Jana Sperschneider and Amitava Datta

If 10% of protein fold researchers switched to RNA, the problem could be solved in one or two years.

—Tinoco and Bustamante, 1999 [39]


For nearly a century, the view most researchers had on RNA did not reach beyond the central dogma of molecular biology: DNA is transcribed to messenger RNA, which in turn is translated to proteins. Consequently, RNA was seen solely as the passive carrier of genetic information from DNA to proteins and not much else. In the 1980s, the field of RNA experienced major turbulences with the discovery of the ability of RNA to act as a catalyst.
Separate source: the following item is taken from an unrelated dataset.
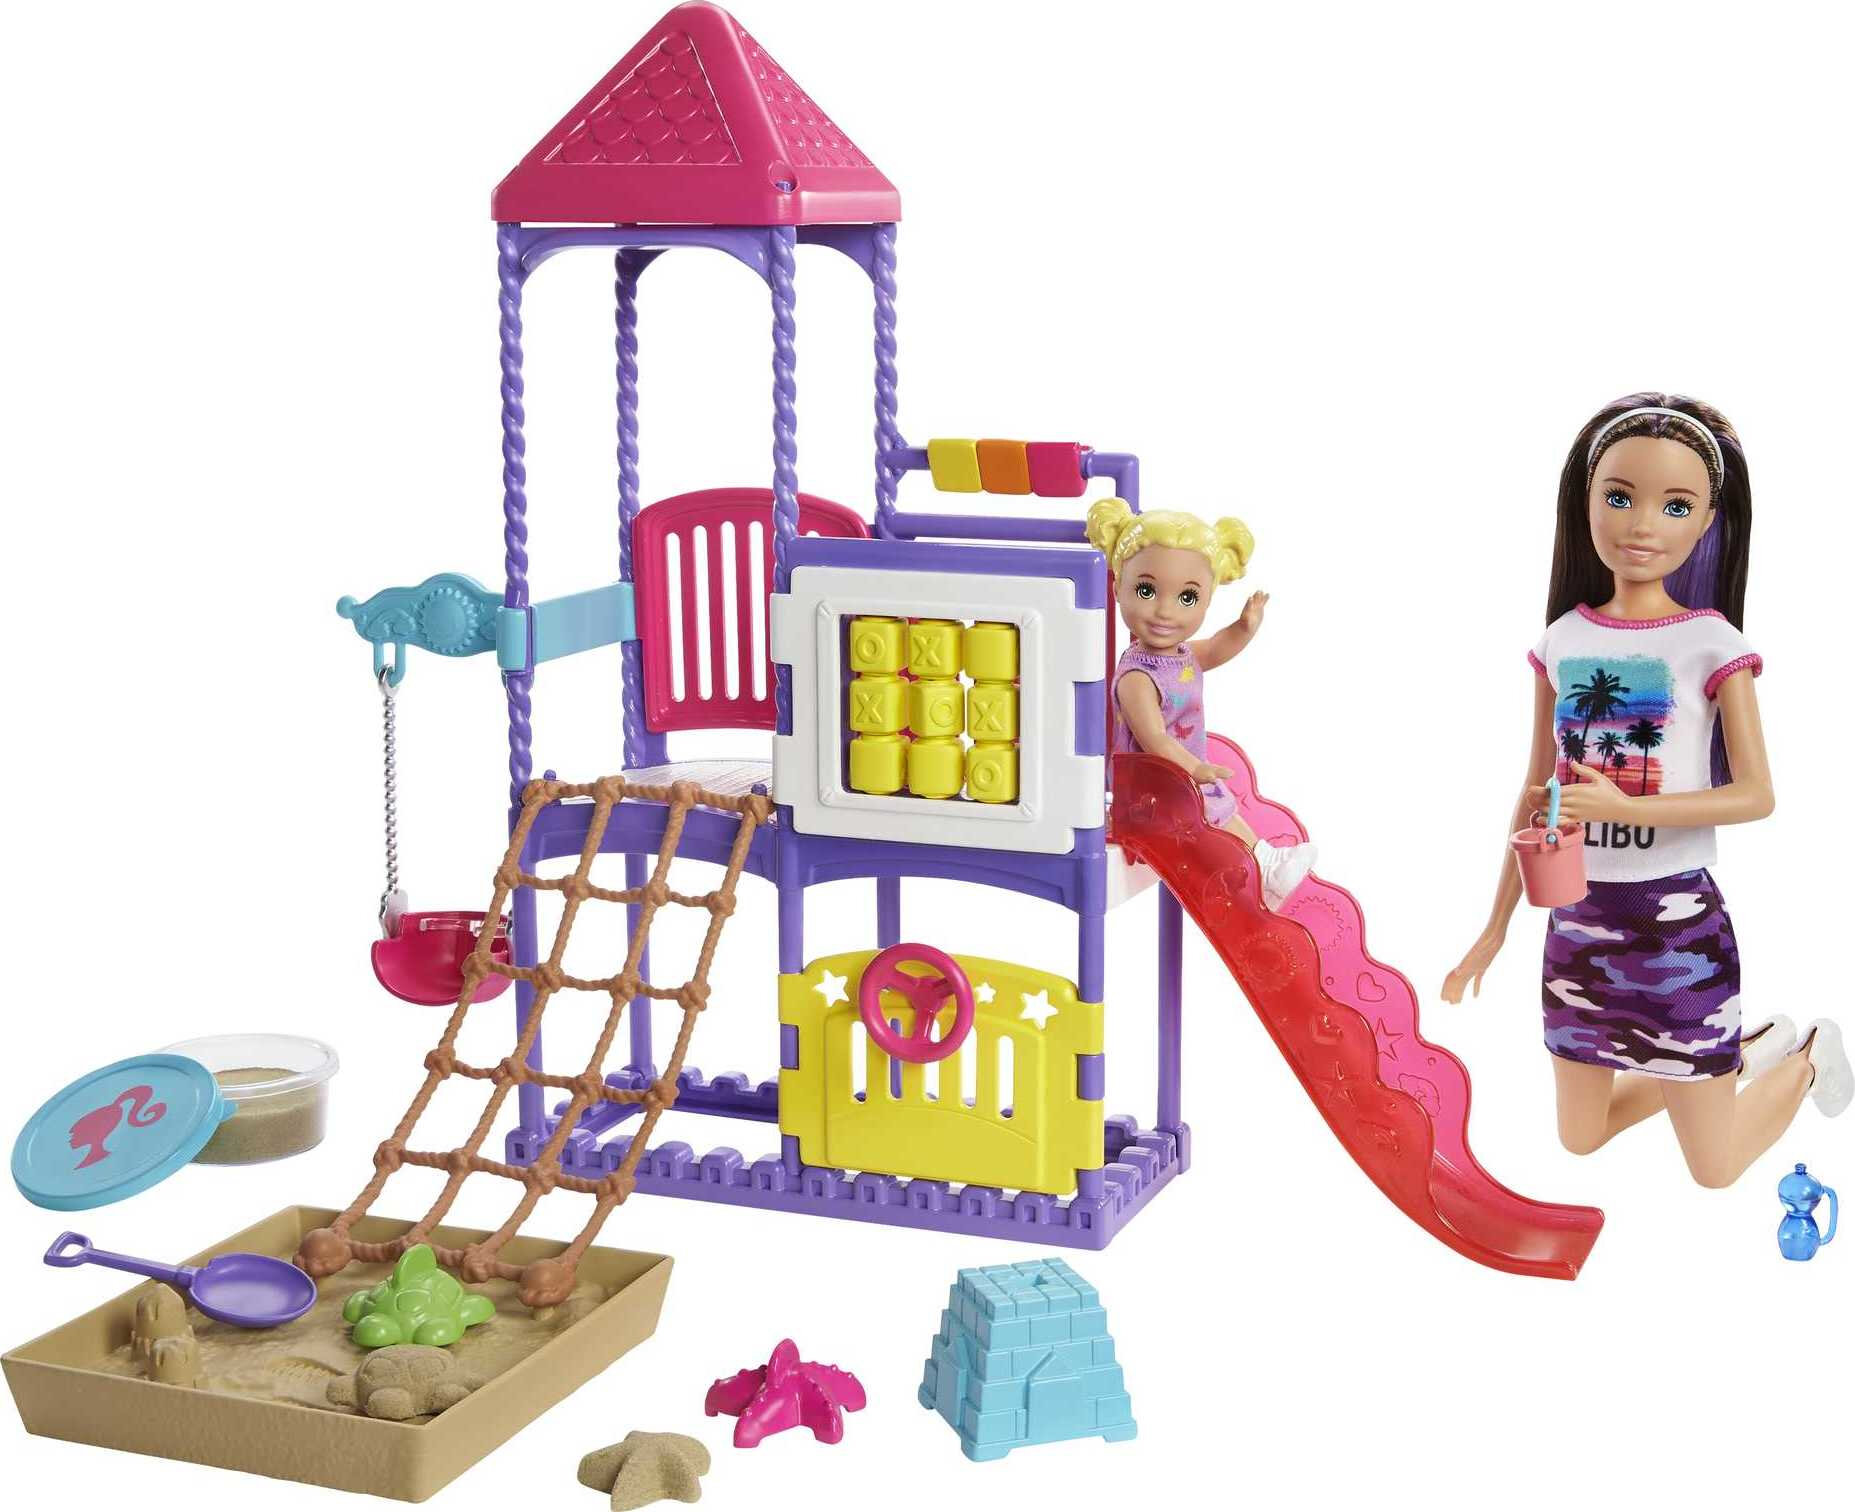 Barbie Skipper Babysitters Inc. Climb ‘n Explore Playground Dolls & Playset - image 1 of 7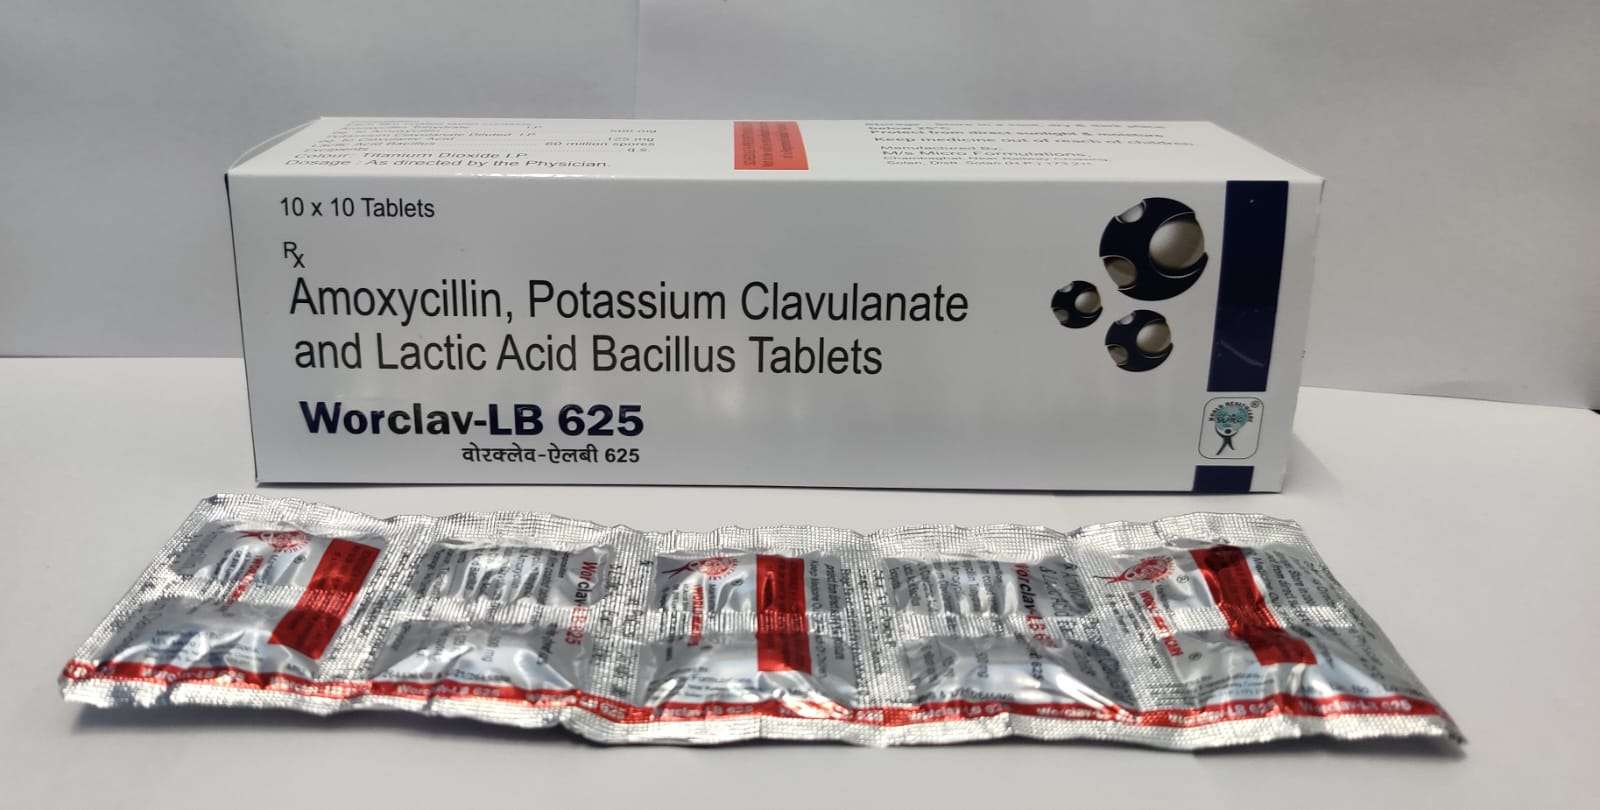 amoxycillin 500mg + clavulanic acid 125mg +lactic acid bacillus

Numerous noncoding RNAs that are not translated to proteins have been discovered, and the prevailing view among scientists is that these functional RNAs no longer have to hide behind proteins. Unlike DNA with its famous double helix structure, RNA exhibits diverse three-dimensional folds and is an extremely versatile molecule. For example, RNA is known to take part in translational regulation, intron splicing, and gene expression. Novel functional RNAs are discovered continuously, and many more breakthroughs in this exciting area can be expected in the foreseeable future.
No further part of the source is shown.